How will the two businesses be incorporated?
One thing we are trying to avoid with the Delivery Group is to bind all of the companies together. We’ve got each of them because they have a specialism, they face a particular set of customers and offer a particular sort of service that those customers want.

What we didn’t want to do was smash them together with a single brand and destroy some of the value of the company. So they stand alone with their own management team, their own brand, their own customers and their own services.

We will now encourage all three businesses to work closely together to share best practice, information and offer a broader range of services to each other’s customers, and accelerate the growth faster than they could do by themselves.

What does it mean for existing Delivery Group operations?
We expect there to be more growth so this could mean expanding our depot in Warrington as it’s already very busy. But in terms of P2P operations, there won’t be any difference except more business and growth.

Will the branding change?
In the past we’ve seen big companies come along and purchase smaller companies and obliterate their brand and the management team, and in the end the company they have has no resemblance to the one they acquired. So we’re quite clear that we want to keep those three public facing brands alive. They’ll all be part of The Delivery Group and the website will carry The Deliver Group logo as well as their own, but they will remain independent.

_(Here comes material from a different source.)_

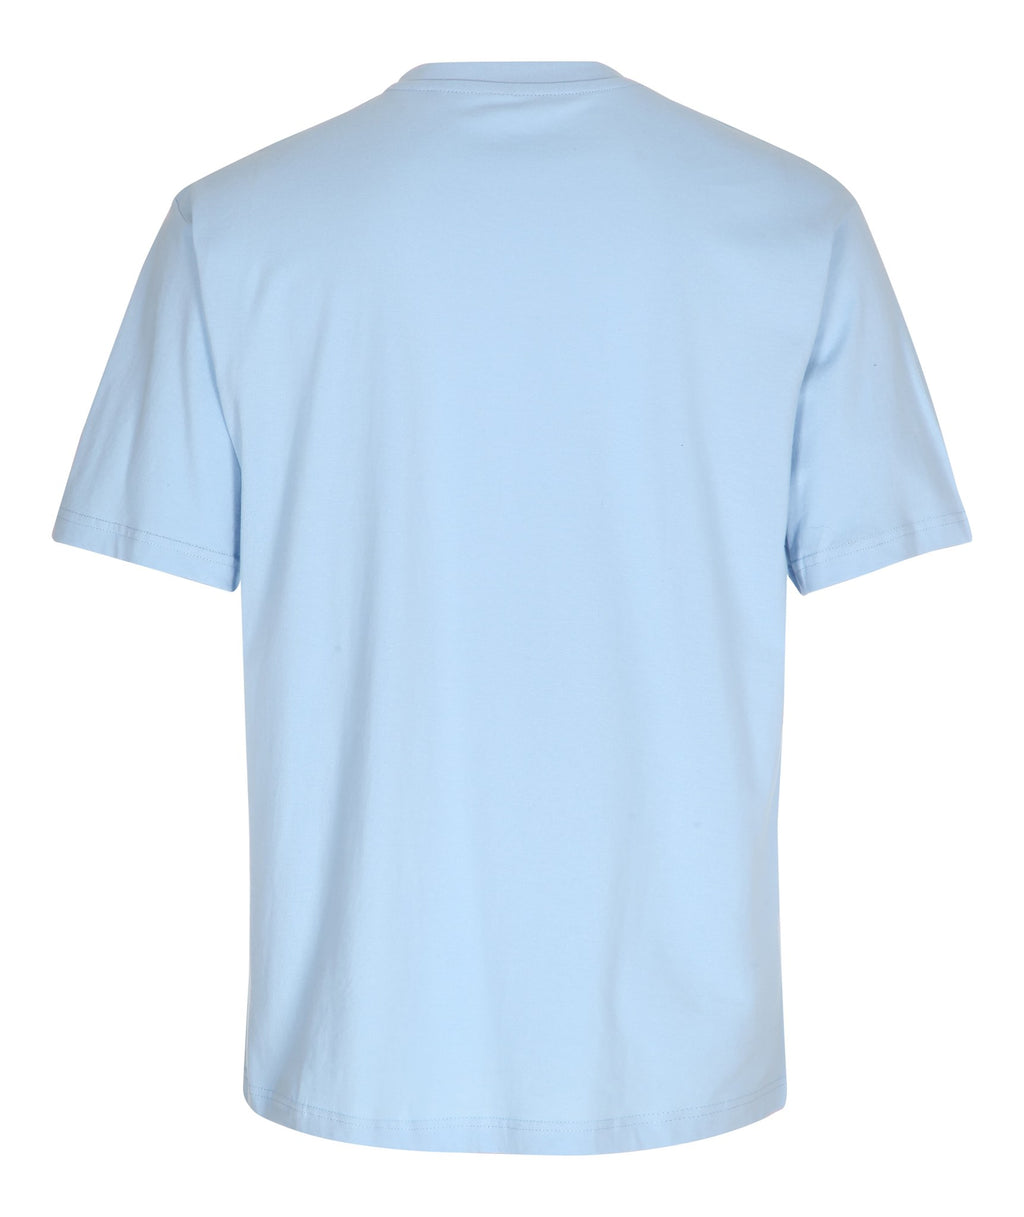 Oversized T-shirt - Light blue

How do you plan to move the P2P business forward?
We noted that P2P outsourced all of its transport operations and only had a couple of vehicles for local collections, the rest was outsourced across the country. Within The Delivery Group, we have more than 100 vehicles being used everyday in the UK, so potentially we could take on some of the company’s collections and keep it within the group.

We’ve already identified some of P2P’s customers that would benefit from this in terms of later pick up times, audit trails and tracking services. It won’t be a wholesale change but we will look at one client at a time.

What will the next stage be?
The key will be getting the three companies to work together harmoniously and to demonstrate that working together grows each business quicker than on their own. We don’t have another acquisition planned for the near future, although we do have potential acquisitions in our sights, so the next stage is really about showing that the companies can achieve more together than apart. On a separate note, we are also looking at maybe incorporating click-and-collect services, not through our own lockers but in terms of having access to them, probably by partnering with some form of supplier.

Any potential challenges ahead?
The real challenges are the market challenges. This includes having the operations to be able to cope with growth; dealing with market exchange rates, which can work for and against you – the upside being that exports increase and therefore the UK customers are spending more abroad, the downside is you have to buy euros and dollars, and pay in euros and dollars to your suppliers.

However, because P2P is already so well managed, we don’t have the classic problems often experienced by parent companies during an acquisition.